Saturday, June 7, 2014

60mm Refractor Lunar Geography: Aristoteles, Archimedes, Plato

I'm working on some lunar geography with my Meade 285 refractor. It's not amazing, but it gets the job done - the 6mm eyepiece I got for Christmas is providing some nice views.

moon 60mm telescope with iphone
Single shot taken with iPhone 5 through 6mm eyepiece handheld

My DIY telescope adapter mount doesn't work with this 6mm eyepiece because the light cone focuses further away from the surface of the eyepiece - which is great if you're looking through the eyepiece while wearing glasses, but bad for trying to take photos while resting the camera directly on the eyepiece.

Ok that was me trying to describe it, and then I looked it up... it's called "eye relief" and it "measures the spacing from the last surface of the eye lens of an eyepiece to the plane behind the eyepiece where all the light rays of the exit pupil are visible" (Celestron.com).

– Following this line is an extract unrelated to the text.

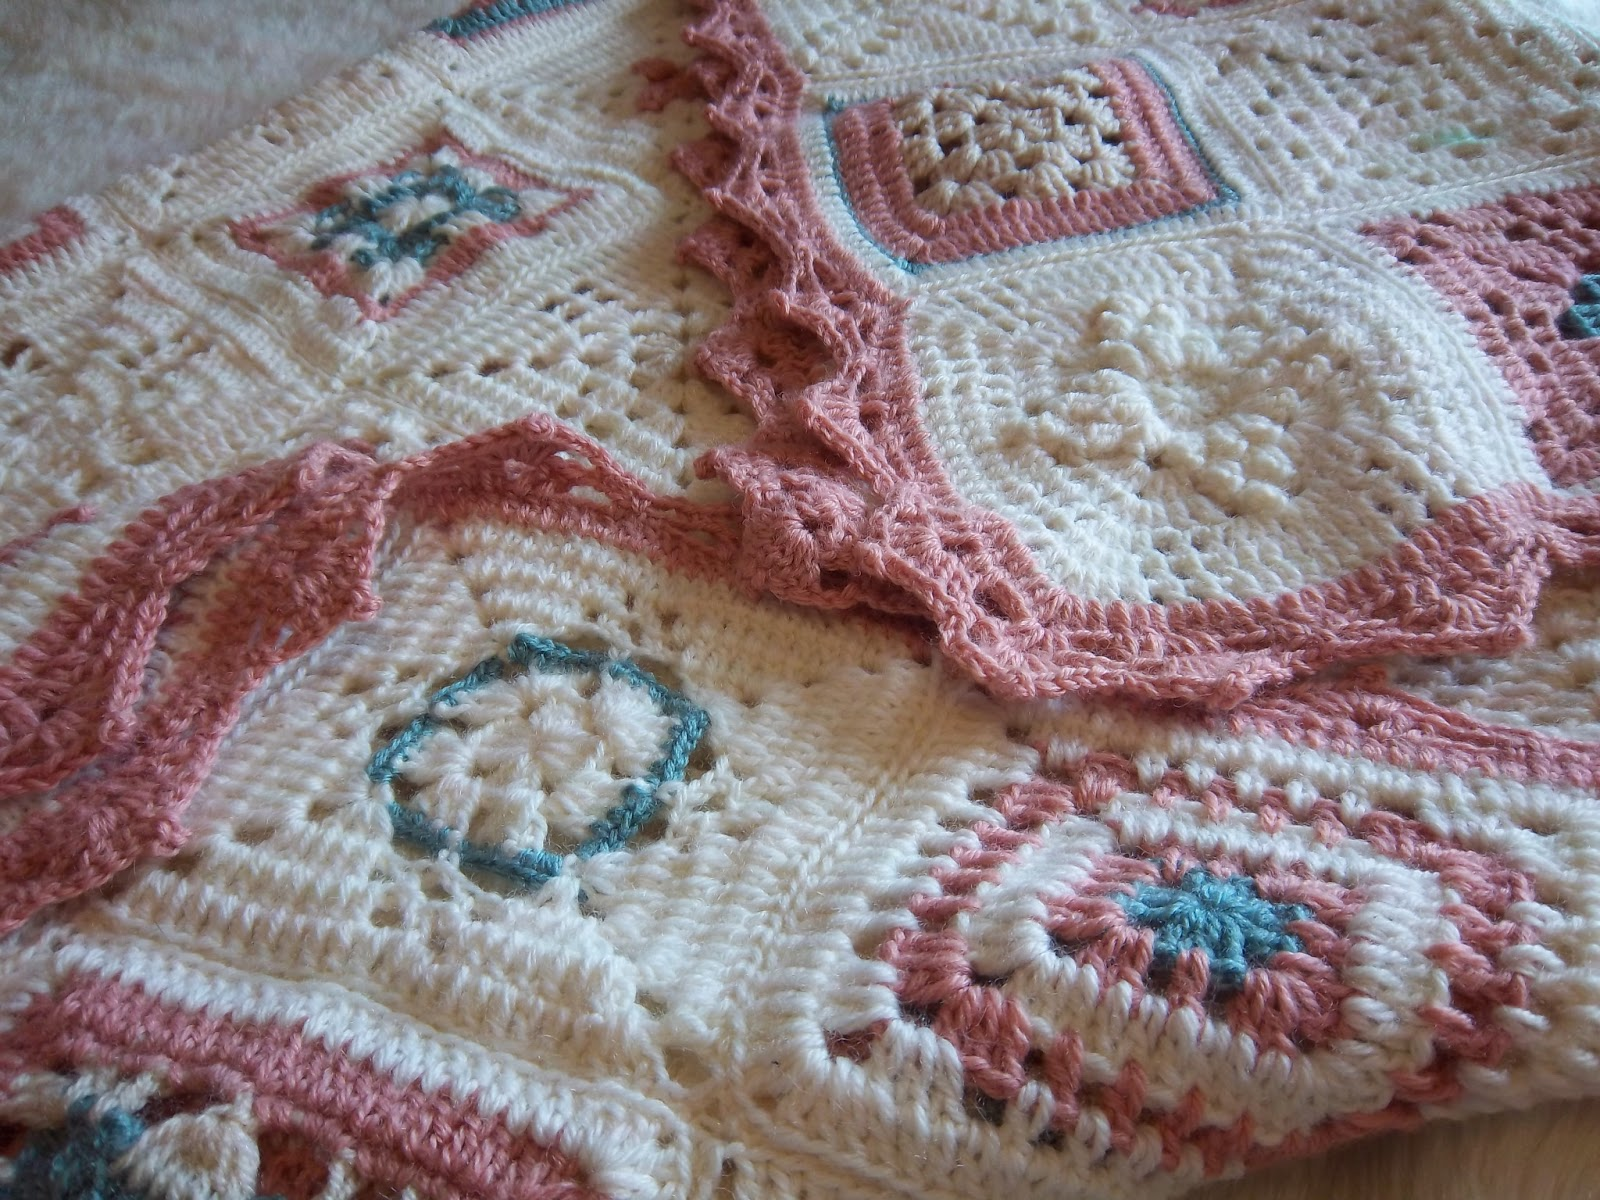 Mi sala de costura colcha ganchillo en tonos pastel - Colchas ganchillo bebe ...
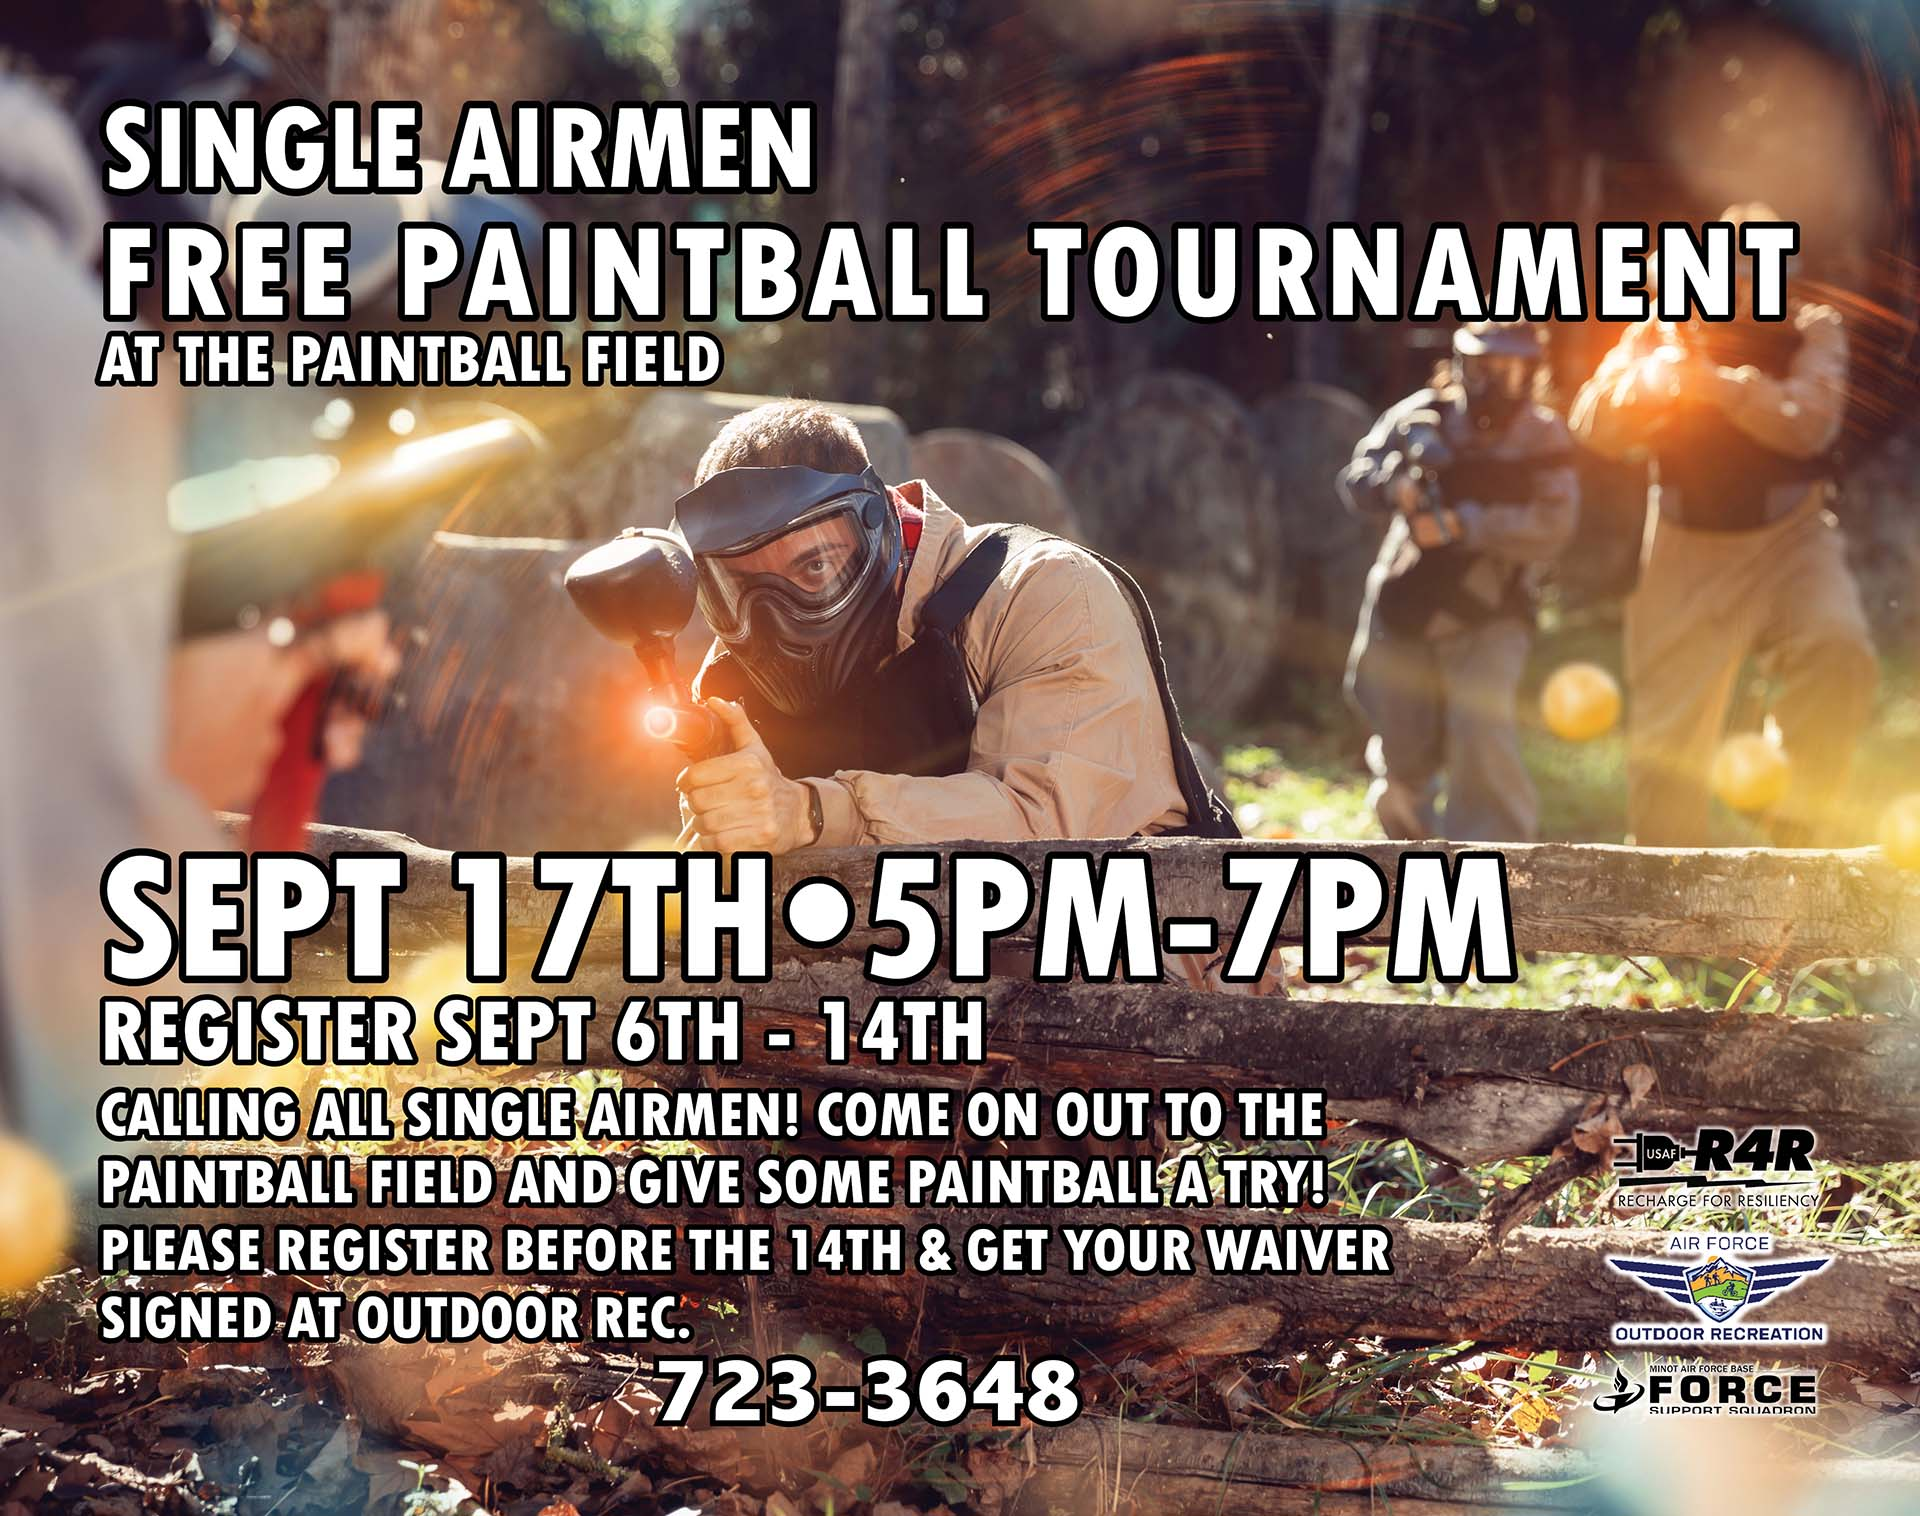 Single Airman Free Paintball Tournament

My 6mm eyepiece has 14.8mm eye relief which is comfortable so you can blink and not worry about touching your eye directly to the glass.

archimedes with iphone
Note, the image appears flipped and rotated because of the diagonal mirror
I labeled several prominent craters, including Aristoteles, which appeared on this month's observing list. Archimedes is such a cool name, and it makes me want to watch the Disney version of the Sword in the Stone.

meade 285
Meade 285 refractor on my balcony
I always like it when people provide some context shots so I can see their gear and location, so I did that here. Speaking of gear, I didn't even know this rubber lip on my eyepiece folded up until I started writing this post. I read that eyepieces with eye relief more than 12mm or so usually have a rubber or plastic cuff or shield around the eye lens. Who knew!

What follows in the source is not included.